11. Vorstellungen In diesem Zusammenhang bin ich immer wieder fasziniert von dem vielen Leerlauf, gerade bei den Multiplexen. Pausen zwischen den Vorstellungen von 30 bis 45 Minuten sind da keine Seltenheit. Welcher (produzierende) Betrieb kann sich denn so etwas leisten? In Familienbetrieben ist es doch auch möglich, einen Kinosaal in weniger als zehn Minuten zu reinigen. Der Abbau des Leerlaufs, gekoppelt mit einer Selbstbeschränkung beim Vorprogramm, kann zu ein bis zwei zusätzlichen Vorstellungen am Tag führen, ohne dass die Filmverleiher mit weiteren Kopien Gewehr bei Fuß stehen müssen. Selbstredend bedeuten natürlich mehr Vorstellungen mehr Auswahl, mehr Attraktivität, mehr Besucher...

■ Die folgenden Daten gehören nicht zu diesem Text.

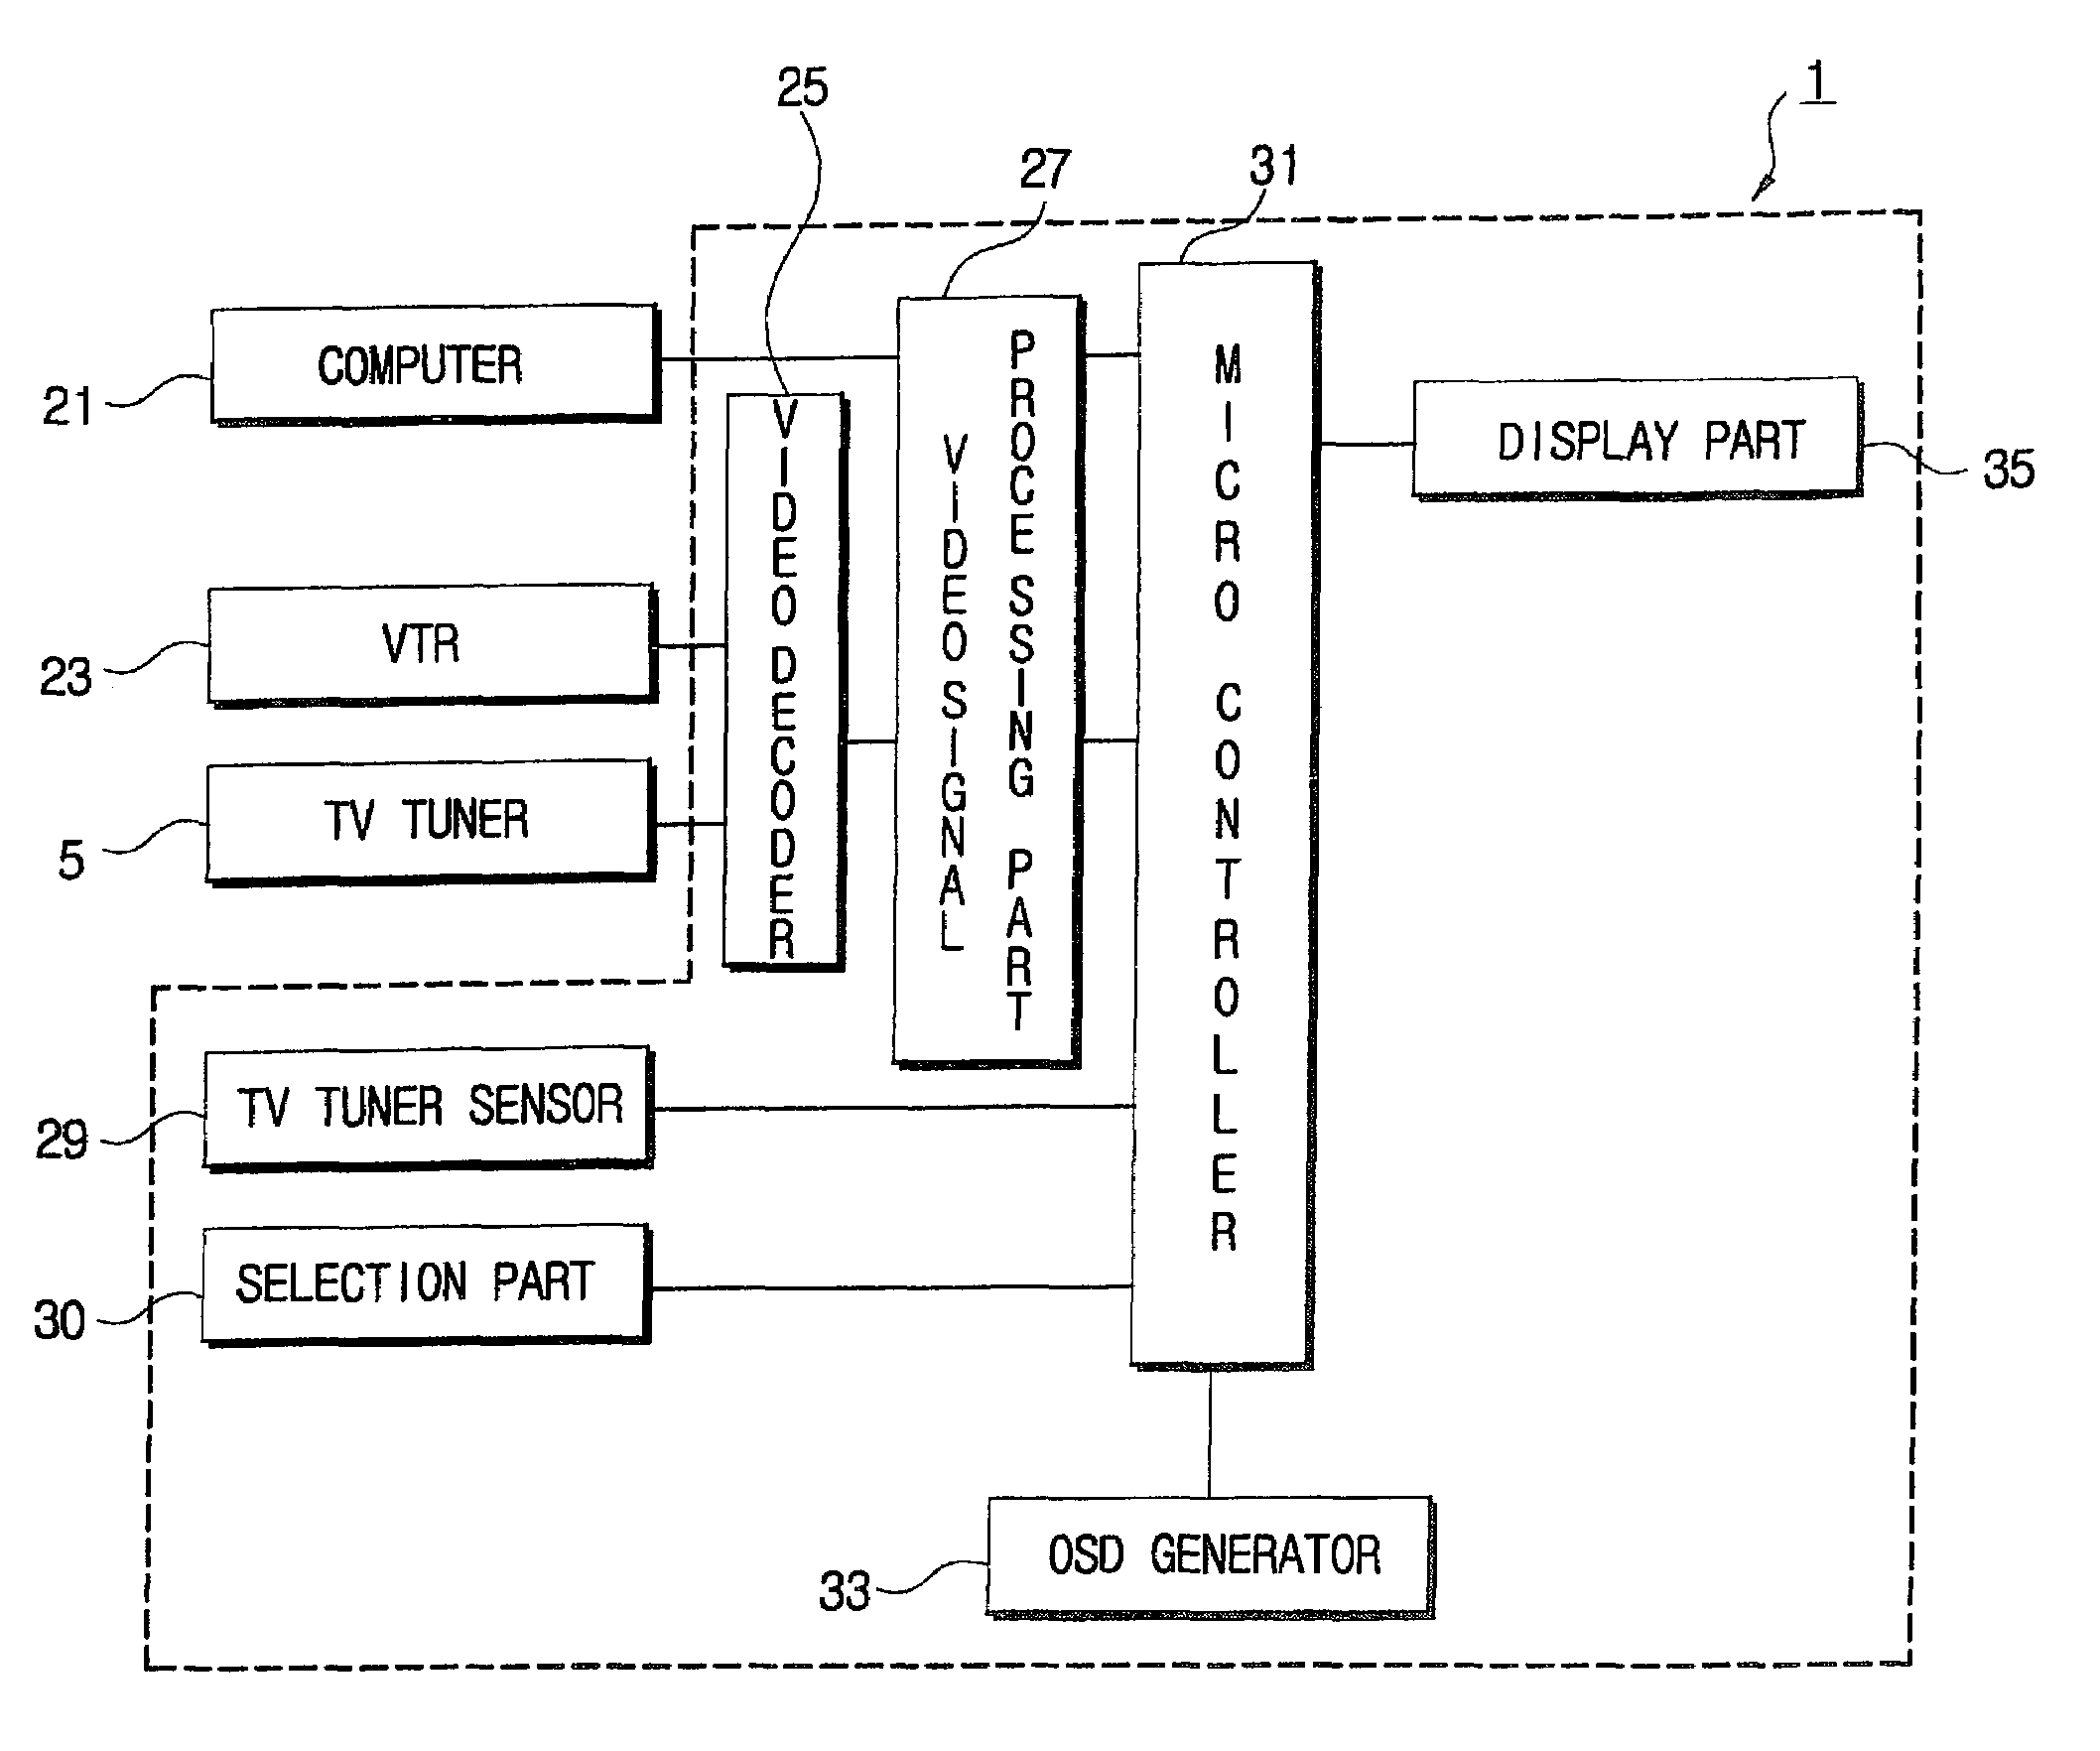 Display apparatus and method of controlling the same

12. Qualität Fast alle von Euch haben in den letzten zehn Jahren viel Geld in neue Kinos, neue Technik oder neue Ausstattung gesteckt. Zu dumm nur, dass Ihr bei der Bedienung Eurer teuren Technik so spart. Jede dritte Vorstellung, die ich besuche, hat Mängel. Mal ist die Lautstärke zu hoch, mal zu niedrig, mal wird der digitale Ton vergessen. Bildstriche, Formatfehler, Unschärfe, Laufstreifen bereits in der zweiten Vorstellung nach der Premiere (!) und Kolben, die schon längst ausgewechselt gehören, sind ein ebensolches Ärgernis wie Personal, das nicht einmal versteht, welche Punkte ich gerade bemängele. Wäre Euer Produkt ein Automobil, dann würdet Ihr aus den Rückrufaktionen gar nicht mehr heraus kommen. Wenn Ihr schon keine ordentlichen Berufsfilmvorführer einstellt, dann schult doch wenigstens Eure Studenten so lange, bis eine einwandfreie Vorstellung in allen Vorstellungen des Tages möglich ist.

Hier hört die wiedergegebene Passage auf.